Learning from hindsight
By MOLLY THOMPSON – mmtthompson@ucdavis.edu
As I enter my third year at UC Davis, I can’t help but return to the memories of the early days of my first year; In fall of 2023, I fell victim to the plight of many young adults living away from home for the first time and got myself into a pretty deep eating disorder.
While this wasn’t the first time that I’d found myself in this particular state (I was diagnosed with anorexia nervosa when I was 16 years old and spent my third year of high school in recovery), I started my collegiate career extremely confident that I was beyond that part of my life and that I was no longer susceptible to the destructive habits of my high school years. Reader, I was quickly humbled.
College can be incredibly stressful: that doesn’t come as a surprise to anyone. Between fast-paced, demanding classes, a new environment, the loss of our support systems and a rapid transition to complete independence from our families, it’s inevitable that we’re all going to need some solid coping mechanisms to deal with the pressure. And, with everything being so new all at once, it’s easy to feel lost and out of control.

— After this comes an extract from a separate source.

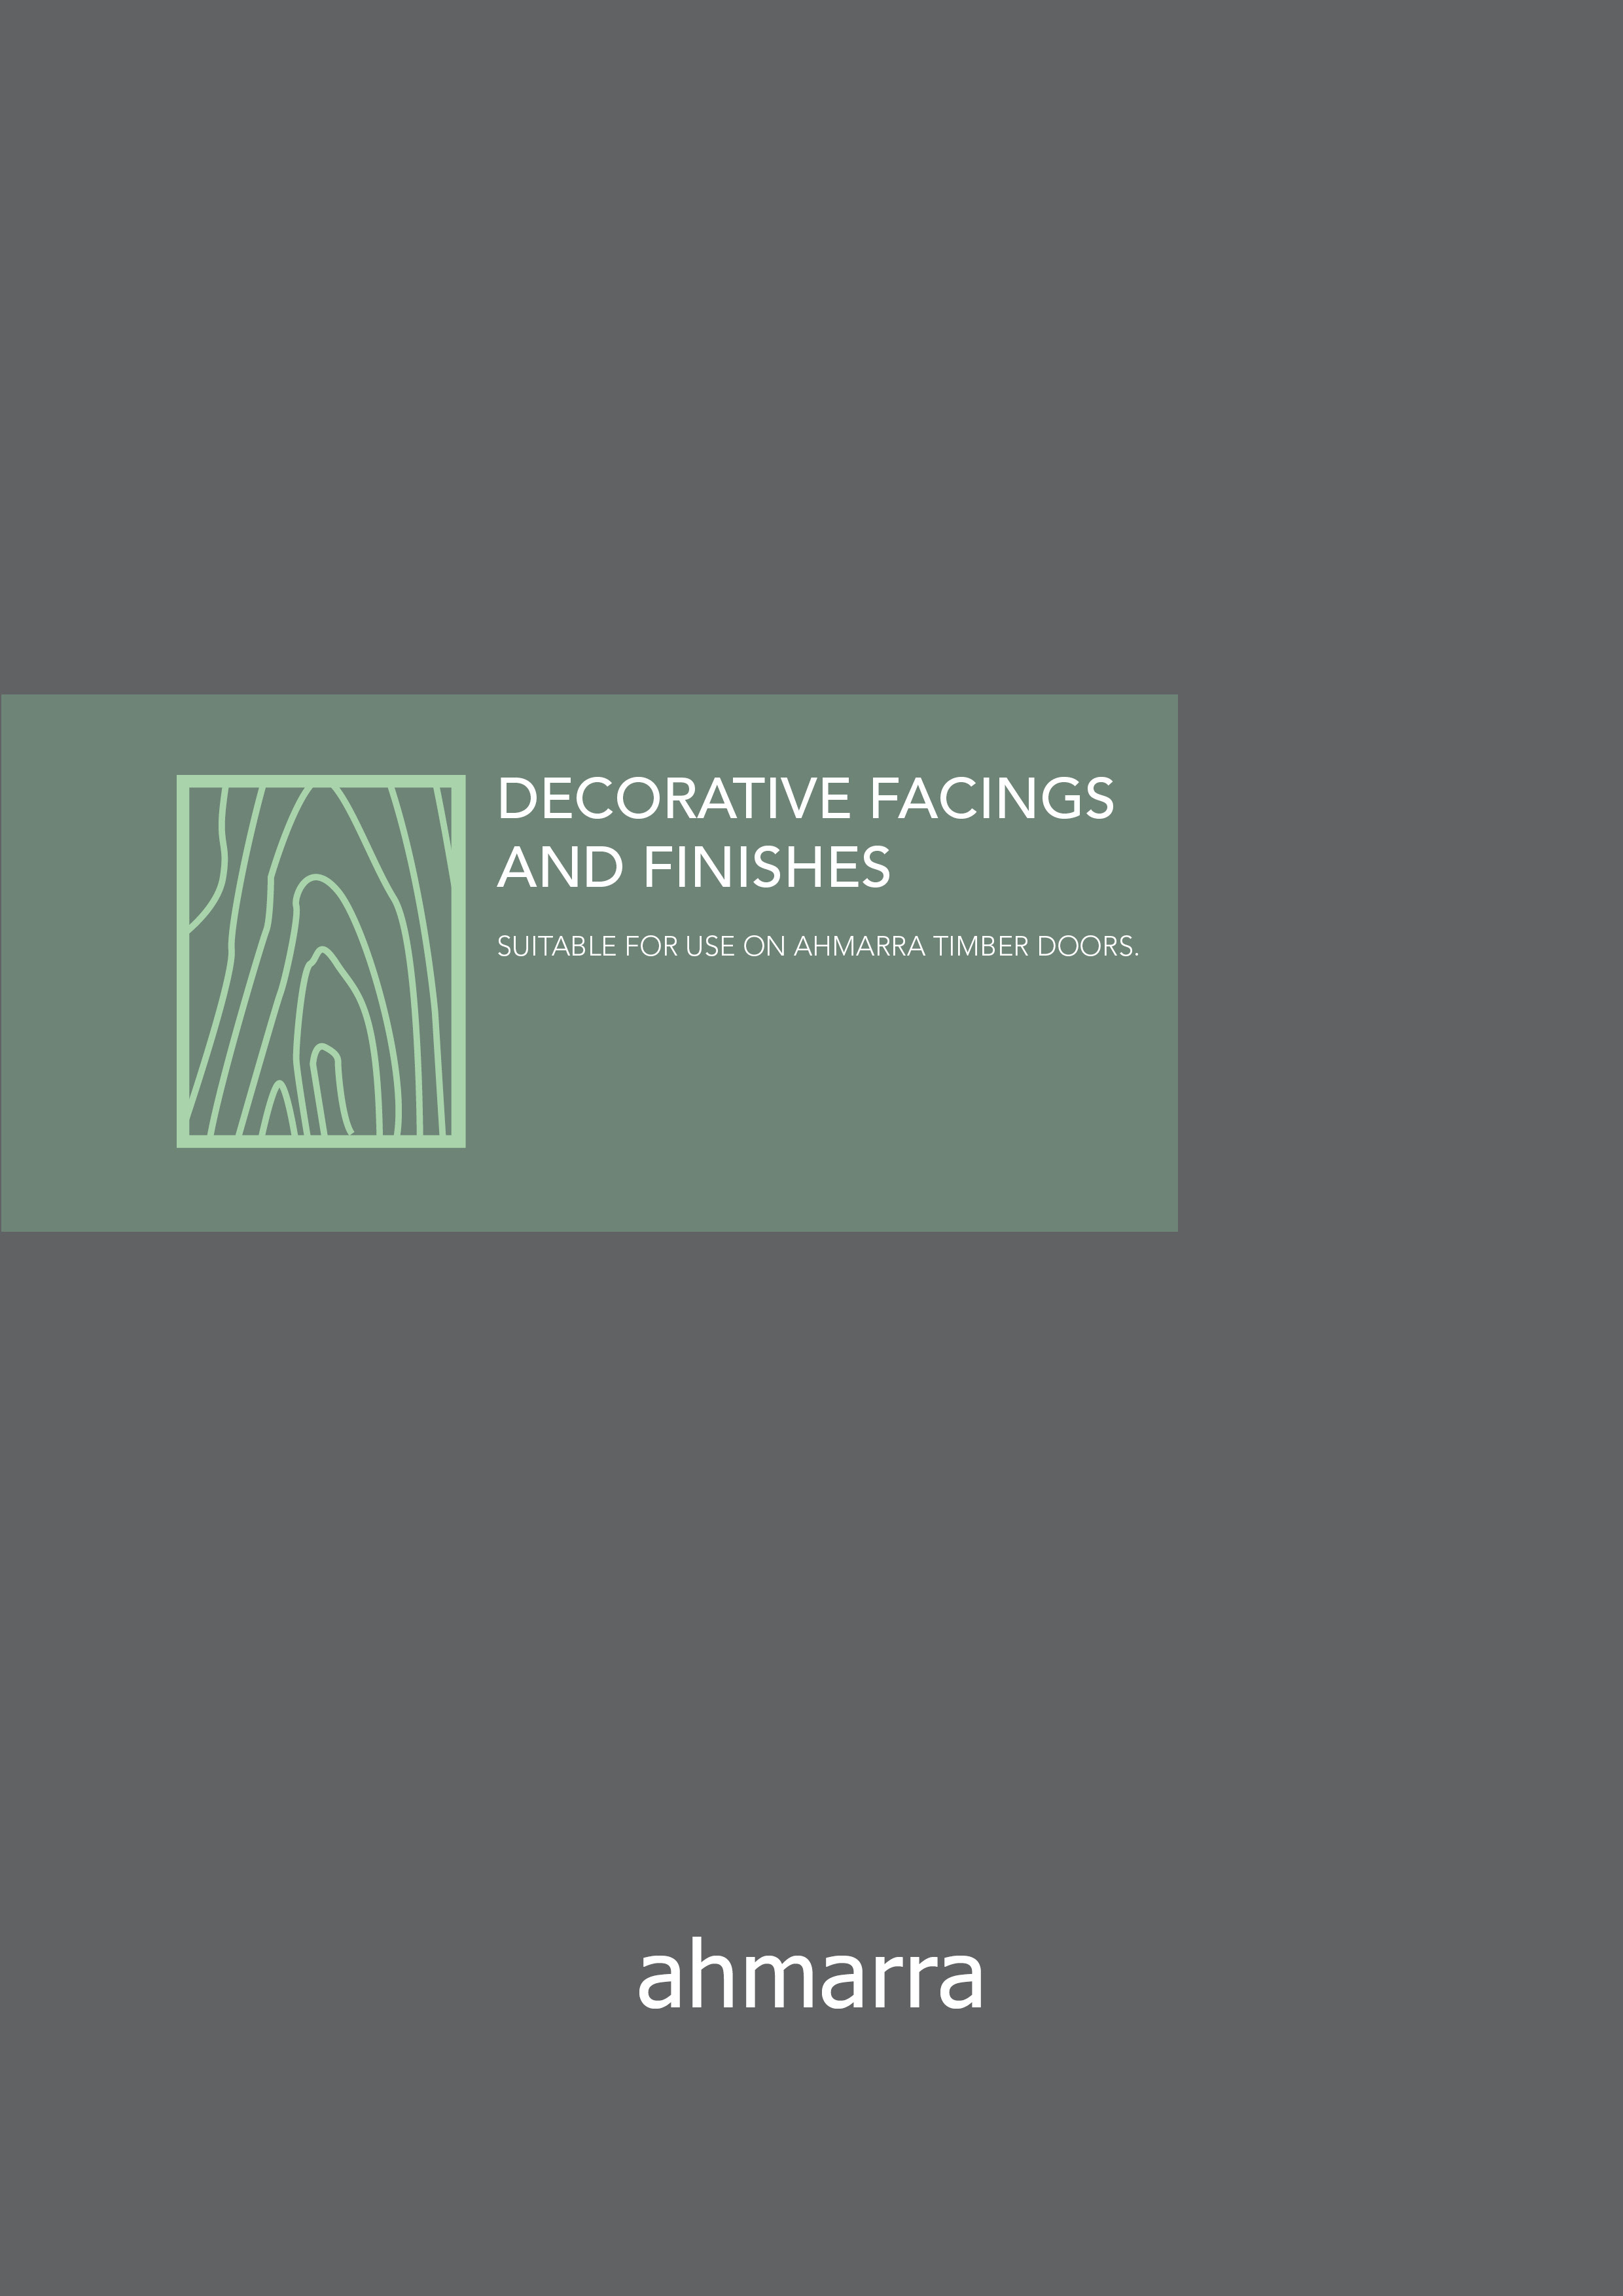 Decorative Facings and Finishes Brochure   Ahmarra Door Solutions

Food is something that is really easy to control when everything else is out of your hands. It’s a place you can direct your attention to when your brain is overwhelmed by responsibilities. Manipulating your body and your food feels like a tangible, accessible goal when everything else feels too vast or unattainable. Especially if it’s something you’ve dealt with in the past, eating feels like a familiar, reliable routine that you can rely on in the face of so much uncertainty — unlike everything else, it makes sense.
Anorexia, in particular, is especially enticing because it has the additional symptom of numbing you to the harshness of the world around you and the turmoil inside your head. When you deprive yourself of sustenance, your body shuts down a lot of its nonessential functions. Your metabolism slows down (which has a lot of side effects of its own), your reproductive system might suffer, your mental cognition wanes and your emotions become subdued — you just feel less of everything. This numbness might not be something you’re aware of, but in a time of so much overwhelming anxiety and stimulation, it can feel like relief.
Please, under no circumstances, take this as an endorsement of eating disorders. I can confidently say that the deepest points of my eating disorder were the worst times of my life. Even though I was numbing myself from other anxieties, even though I felt a sense of success from manipulating the shape of my body or the number on the scale and even though it gave me control over a small aspect of my life, it deprived me of far more than I ever gained from it.
It took me years to relearn what my body needs and how to take care of it, skills that I was supposed to have mastered in elementary school (I’m still working on it). I permanently messed up my body in ways that I’ll never be able to fully recuperate (my metabolism will never be the same). I broke my parents’ sense of trust in me to a point that I may not be able to heal, though I’ll continue to work on it (I lied a lot). And the worst part is that I wasted so much time (days on end, if you add up all the hours) at doctors’ appointments getting my weight and vitals checked, therapy sessions recounting everything I’d eaten in a day and sitting at home, banned from exercise, while my dance teammates practiced in the studio without me. To this day I have to report my weight to my therapist every month. While it hasn’t completely stopped me from accomplishing things I’m proud of or having incredible experiences, it feels like it’s taken over the past four years of my life.
That is my biggest regret. Anorexia plagues some of my best memories; I can look at photos from February of my third year of high school or December of my first year of college and just see this gaunt, lifeless exhaustion in my eyes. Even if it’s not visible to the people around me, it haunts those pictures (and the memories behind them) to the point where I’m not thinking of all my incredible experiences and adventures, but rather how I let food define my entire life.
If I could change anything about my first-year experience — if I could give myself one piece of advice — I wouldn’t let myself become anorexic again. It was so hard because I felt like I was doing a good job. My therapist would call me and tell me I was still below my healthy weight baseline, and even though I would say, “Oh no, that’s not good, I’ll try harder,” it still felt like a win.
But hindsight is 20/20, and it just wasn’t worth it. That sense of accomplishment was short-lived and inconsequential compared to the consequences (physical health, mental health, time, opportunities). Beyond that, focusing on food or body image doesn’t actually relieve any anxieties: it simply replaces them. It’s not an outlet for stress: it’s simply a redirection. It’s not a coping mechanism: it’s just a cover — the same anxiety in masquerade. It doesn’t solve anything.
I know that now. I thought I knew it then, too, but I didn’t. Even though it’s still in my head, I understand now that it’s just not worth it. It’s tempting, sometimes, to go back there. It would be so easy to slip back into those behaviors for the instant gratification of success and numbness. But I understand now that it does far more harm than good.
College is a proverbial breeding ground for disordered eating. It’s inherently competitive, it’s overwhelming and it’s stressful — a perfect storm for unhealthy coping mechanisms. But if you take away anything from this, please learn from my mistakes. I promise you that it will cause you far more trouble than it’s worth. It’s a slippery slope — so please be careful.